EXERCISE REQUIREMENTS — Range to repeat from the listing below: the line containing "Floral Jormftte Pattern" down to the line containing "Gus Kahn Dream", both included. Copy it exactly, pictures excluded, and add nothing else.

### MATERIAL TO PROCESS

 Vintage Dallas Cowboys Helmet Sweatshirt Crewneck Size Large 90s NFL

######
### MATERIAL TO PROCESS

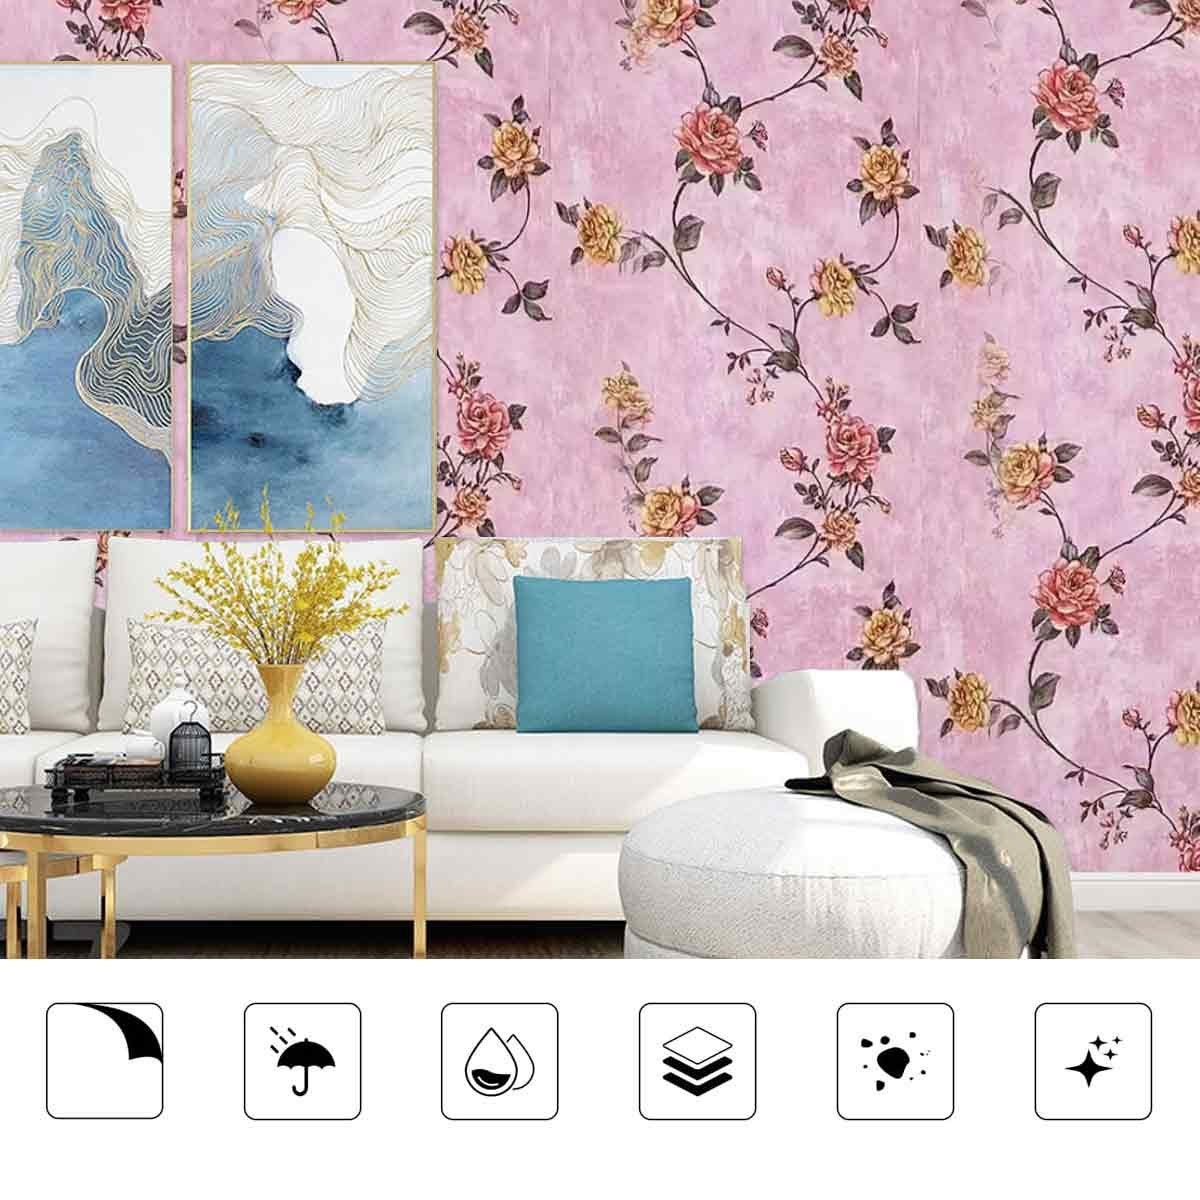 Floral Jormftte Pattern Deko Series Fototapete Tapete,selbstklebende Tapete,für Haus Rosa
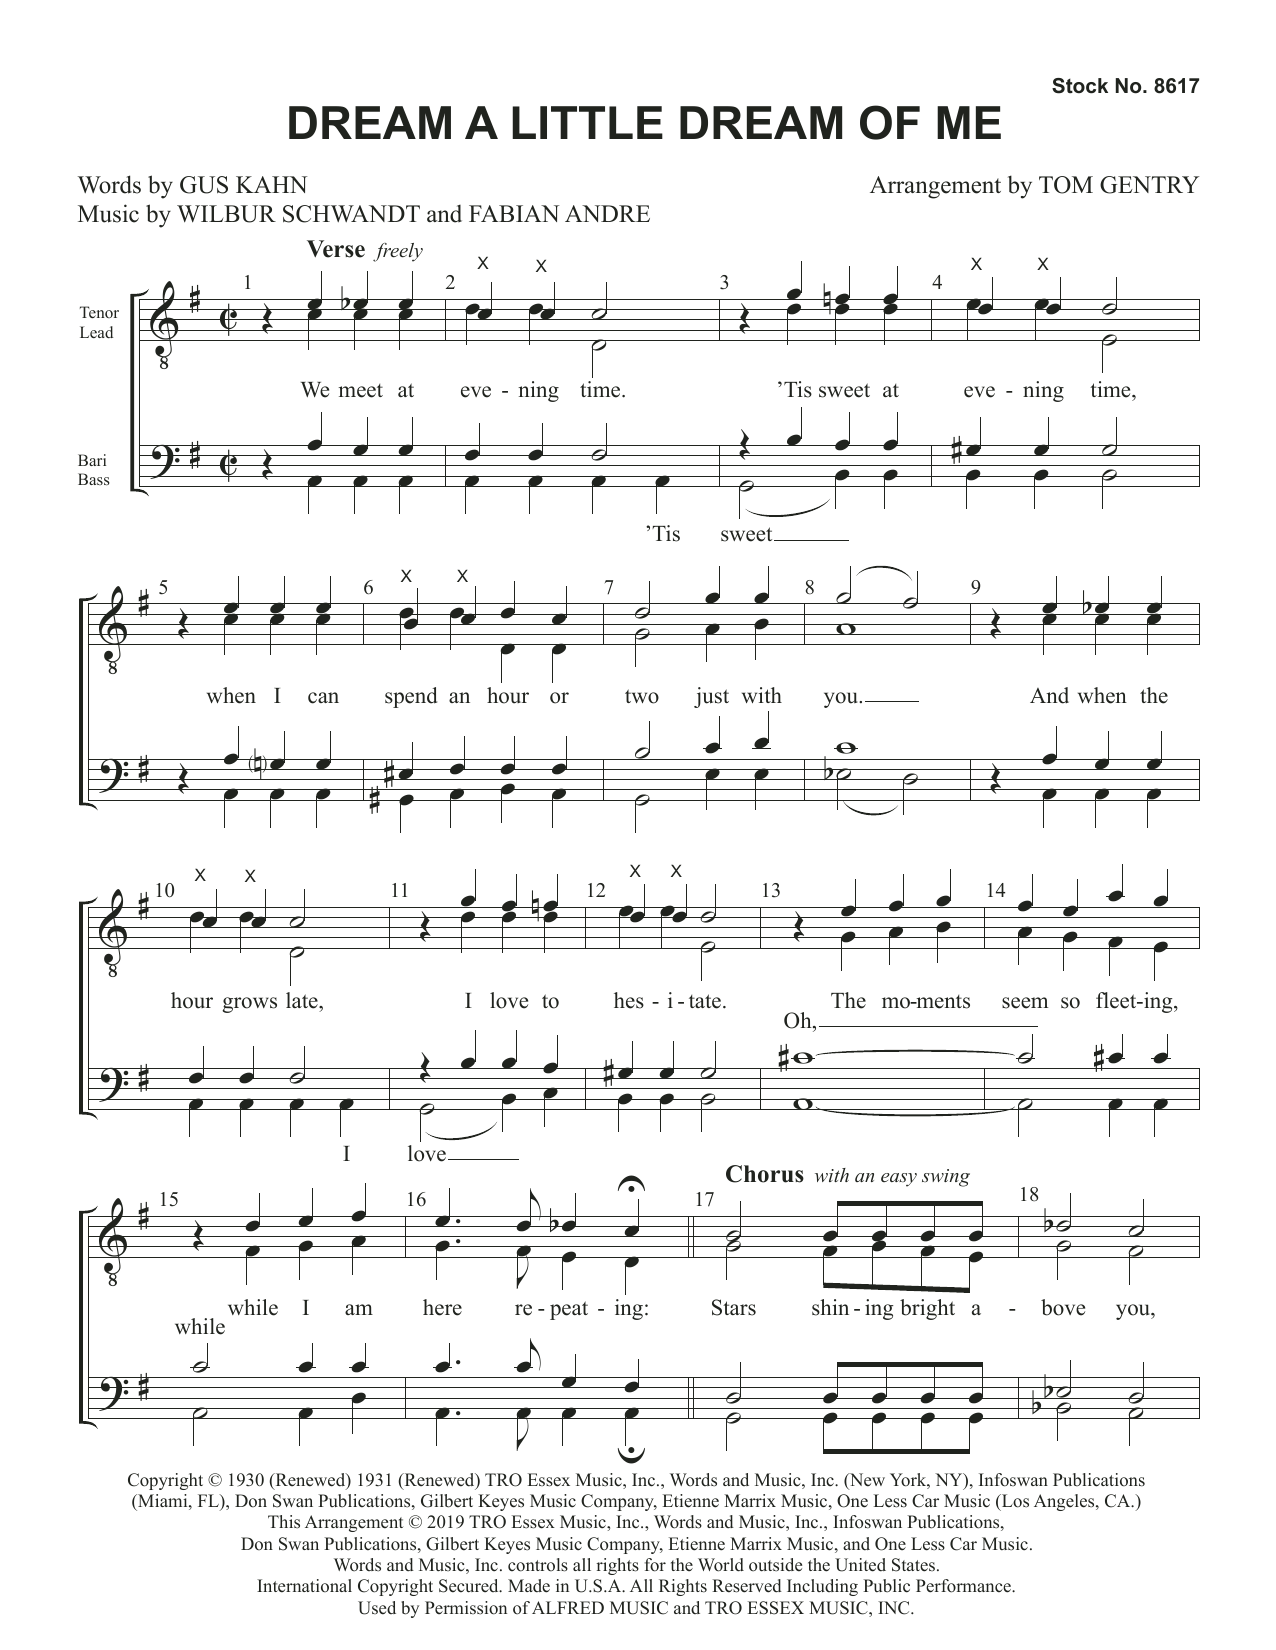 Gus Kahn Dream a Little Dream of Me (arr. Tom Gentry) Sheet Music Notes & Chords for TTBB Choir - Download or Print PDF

######

RESULT OF THE TASK —
 Floral Jormftte Pattern Deko Series Fototapete Tapete,selbstklebende Tapete,für Haus Rosa
 Gus Kahn Dream a Little Dream of Me (arr. Tom Gentry) Sheet Music Notes & Chords for TTBB Choir - Download or Print PDF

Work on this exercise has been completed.